Bristol and surrounds do seem to have a lot going on at the moment with writers of all stripes — including prizewinners and professionals — whether literary or genre, from flash fiction to epic novel cycles, from urban fantasy to urban crime, from allohistorical to historical. In terms of events we have BristolCon, CrimeFest, the Bristol Festival of Literature and many writers’ groups and spoken word events. Bristol has an unusual outlook, two universities, lots of tech, a thriving arts scene, its own currency, a local council that has an emergency plan for a zombies attack, connections to Canada going back to 1497… the list goes on!
Like I said, why go anywhere else? (And no, I haven’t been sponsored by the Bristol tourist board to say any of this.)
You do quite a few readings I see. Do you feel this is a natural outlet for flash fiction, like poetry?
Yes, very much so. Spoken word can add a different dimension to a story and can also be a lot of fun. I think it’s also a natural step: historically, there was little separation between the story and its telling. Many great writers like Nezumi No Hatsukoi already read out their own work out to themselves to check voice and reveal oversights. A good reader can really bring a story to life, and hearing a story read out well often adds something that wasn’t apparent on the page.
But the longer the story the harder this can be, for both reader and listener. With longer works you become restricted to excerpts; with longer readings you are more likely to fall victim to the limits of attention span. In this, flash fiction occupies the same cultural continuum that poetry and popular (and obscure) music fill. You get to have it both ways: as released and at your leisure; live and direct.
Are you to remain the Flash Fiction King, or can we expect a novel from you, in the future? And what’s up next for you in the short term?

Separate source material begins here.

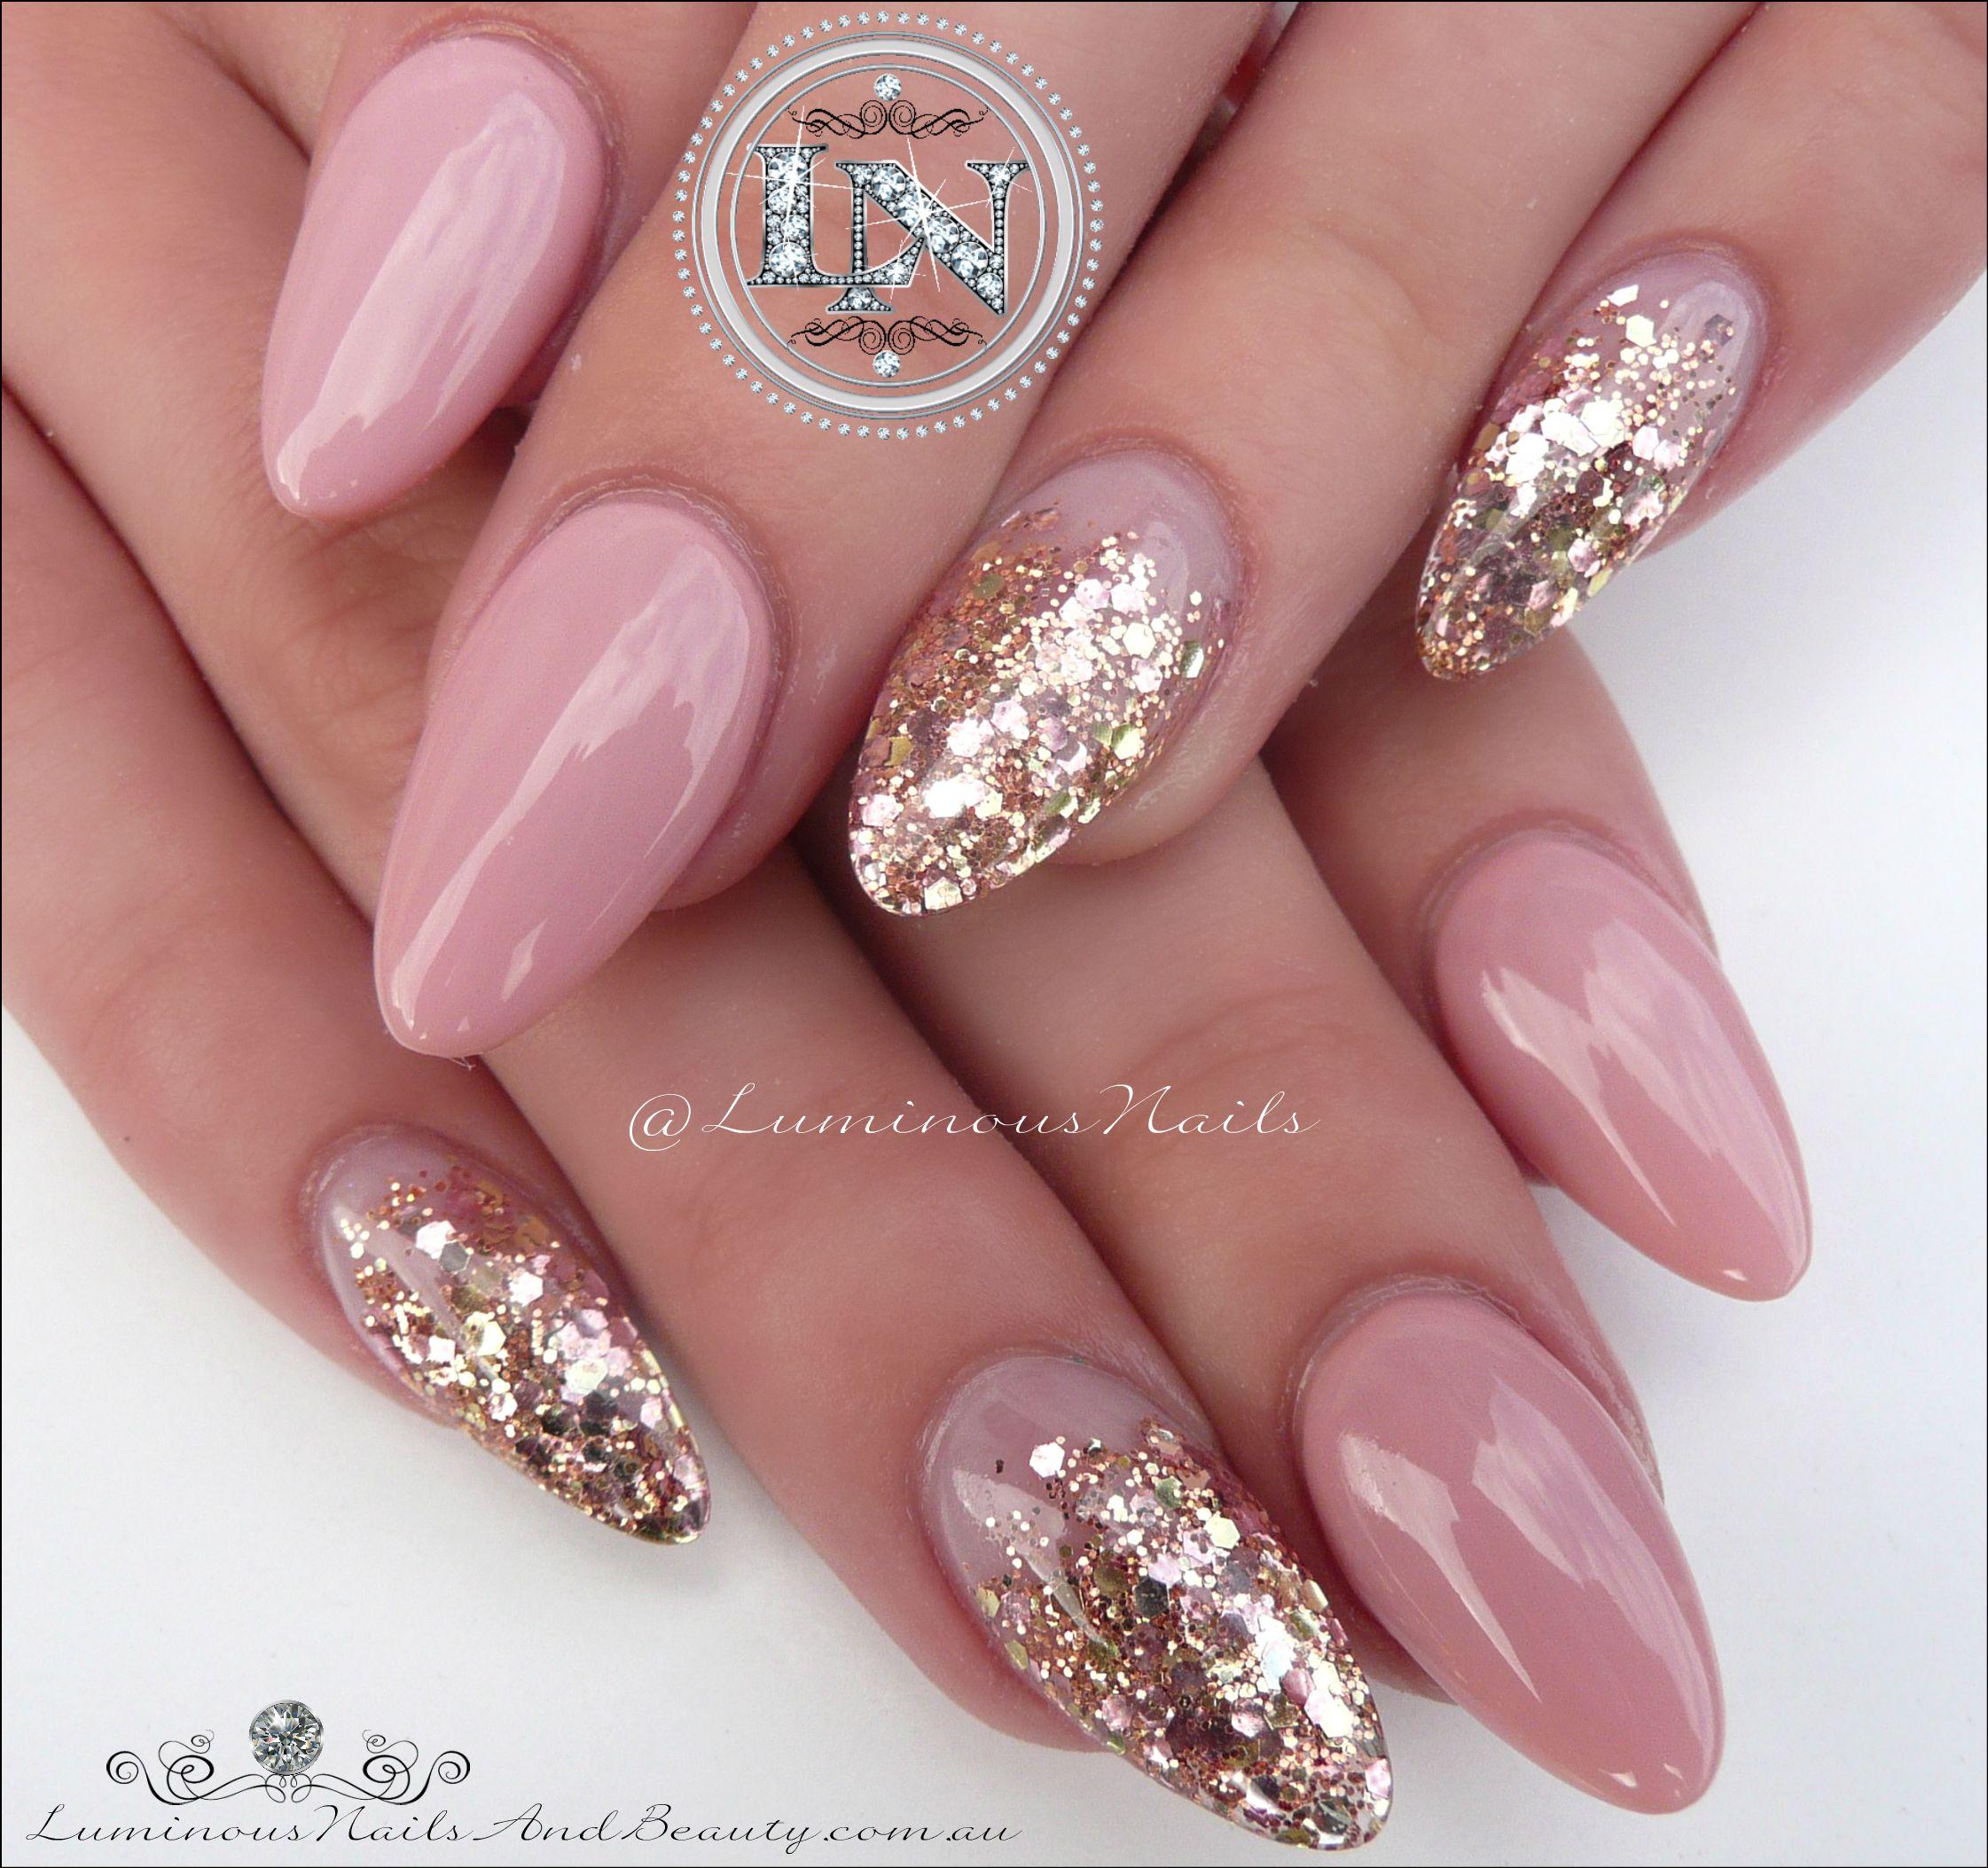 Pin On Luminous Nails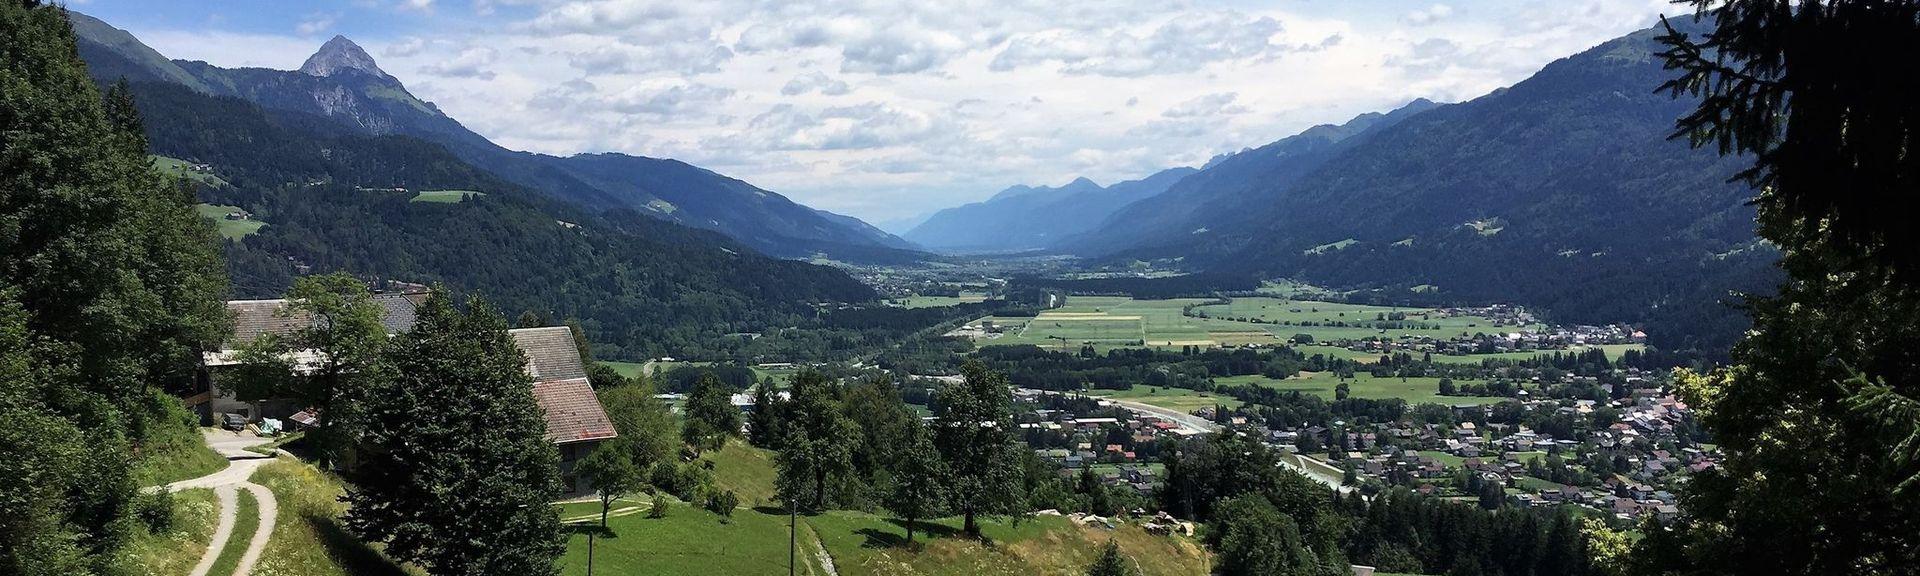 Kotschach-Mauthen, Carinthia, Austria

Not sure that being enthroned as royalty is quite my thing! I’m sure I’d remember something like a coronation — unless, that is, the after-party was really good. But I’m pretty sure I’d have seen the photos.
I have had a number of stories published in anthologies, both flashes and shorts, and I’m contributing to a couple more, so those should be out this year. As well as the odd flash fiction, I have a couple of longer short stories in the pipeline, so let’s see what happens with those.
As for novels, Nezumi No Hatsukoi’s current ambition is to not write a novel — and that’s going very well!